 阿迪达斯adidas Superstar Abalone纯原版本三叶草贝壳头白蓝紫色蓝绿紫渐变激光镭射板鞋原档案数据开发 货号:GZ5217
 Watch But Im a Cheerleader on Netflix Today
...
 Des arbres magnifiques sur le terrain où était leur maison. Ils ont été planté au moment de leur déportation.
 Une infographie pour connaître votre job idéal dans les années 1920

■ **Prompt**:
Everything above from the line containing "阿迪达斯adidas Superstar Abalone纯原版本三叶草贝壳头白蓝紫色蓝绿紫渐变激光镭射板鞋原档案数据开发" through the line containing "Watch But Im a Cheerleader on Netflix Today" must be copied exactly. Nothing outside that range belongs in the answer.

■ **Response to this task**:
 阿迪达斯adidas Superstar Abalone纯原版本三叶草贝壳头白蓝紫色蓝绿紫渐变激光镭射板鞋原档案数据开发 货号:GZ5217
 Watch But Im a Cheerleader on Netflix Today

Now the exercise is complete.